SFMTA’s Traffic Calming Program Overwhelmed By Demand for Safer Streets

Demand for traffic calming improvements like these outstrips funding by a factor of five to one. Image: SFMTA
The demand for projects to calm motor traffic and improve safety on San Francisco streets is far greater than the SFMTA can currently handle.
The agency says its Traffic Calming program lacks the staff and funding needed to address the overwhelming number of neighborhood requests for safer streets. As a result, many residents are left waiting a decade or longer for improvements that are proven to save lives and prevent injuries.
“We feel like there’s been such a latent demand — or current demand, even — for traffic calming that, given various limited resources, these requests are piling up,” SFMTA Livable Streets Senior Engineer Mike Sallaberry told the SF County Transportation Authority (SFCTA) Plans and Programs Committee last week, which approved funding for program staff to revise its five-year project prioritization plan.
According to Sallaberry’s presentation [PDF], the SFMTA receives an average of six to eight applications for traffic calming improvements every month, adding up to more than 500 since the agency began accepting them in 2001. By the time the SFMTA started implementing projects in 2005, staff already had over 135 approved applications in the pipeline.

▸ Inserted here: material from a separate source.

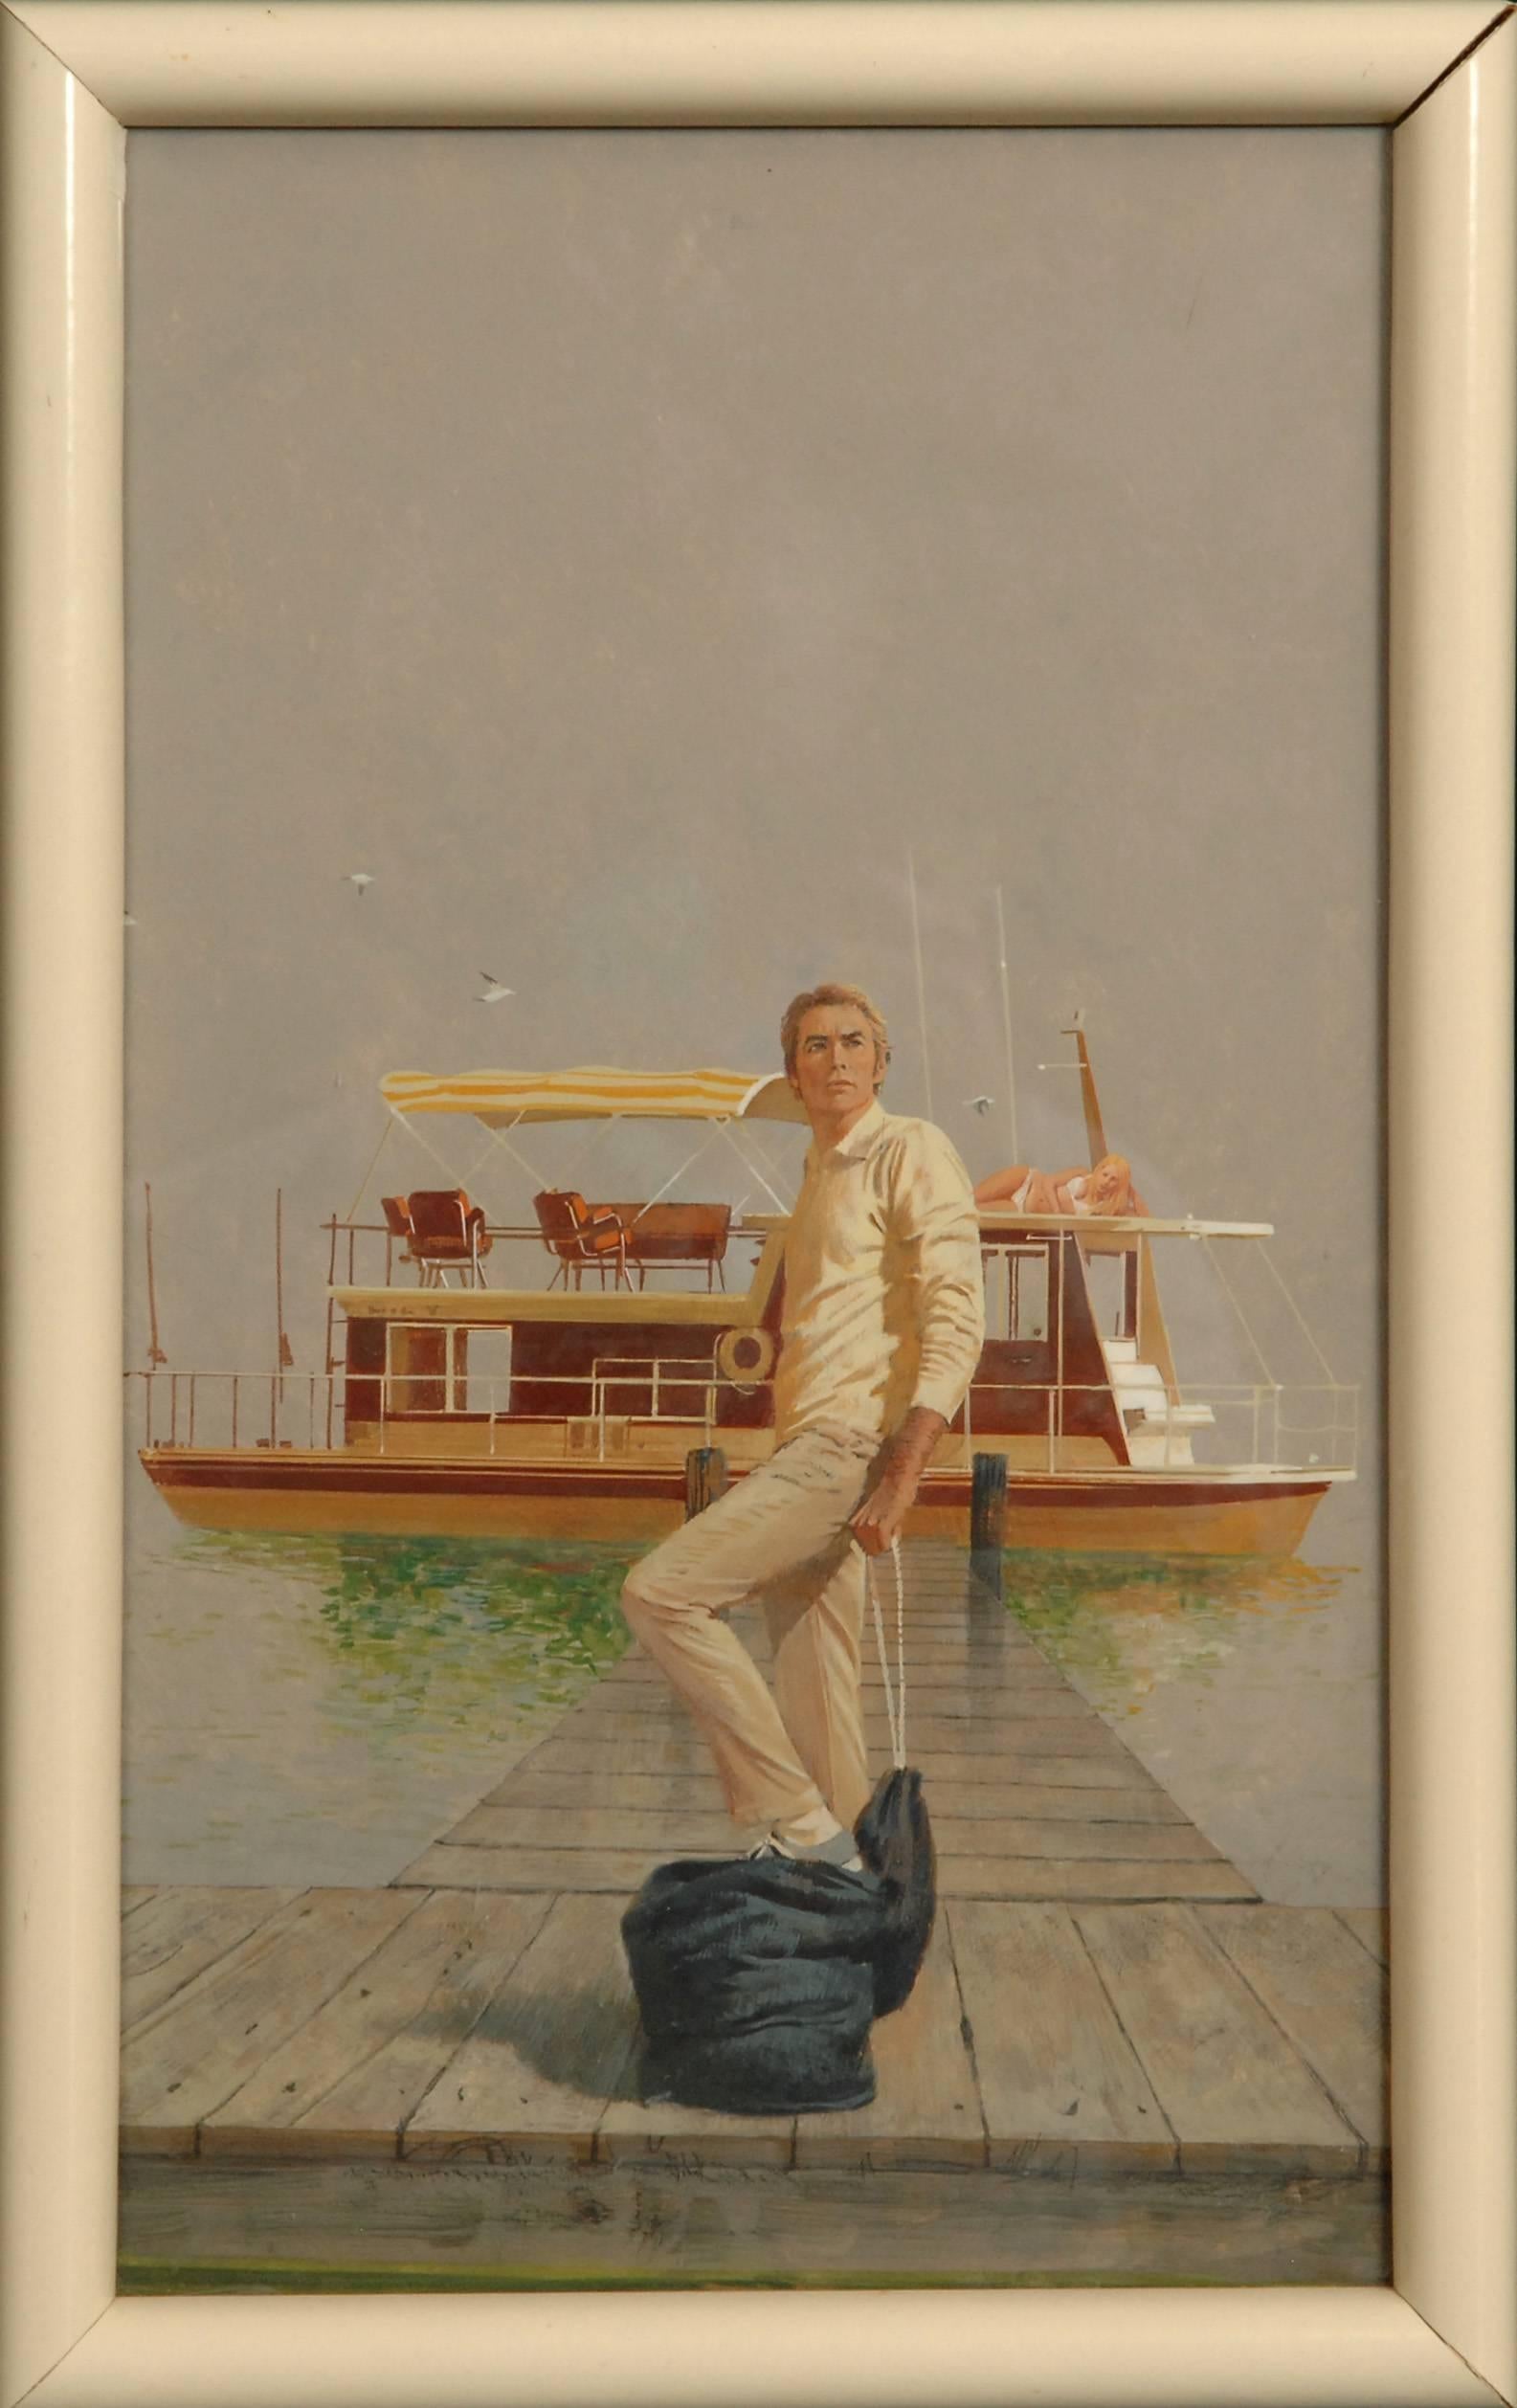 Robert E. McGinnis Portrait Painting - "The Dreadful Lemon Sky" Book Cover

The SFMTA has put its application process on hold until later this year as it determines which projects to prioritize over the next five years. The backlog of projects for that time frame would require an estimated $64.7 million to implement, $27 million of which have been planned (or are being planned). But only $12.4 million will be available to build out the projects, according to projections presented [PDF] to the SFMTA Board of Directors this week by Chief Financial Officer Sonali Bose. The funding comes from various grants and the city’s Prop K sales tax revenue, which is allocated by the SFCTA to transportation projects citywide.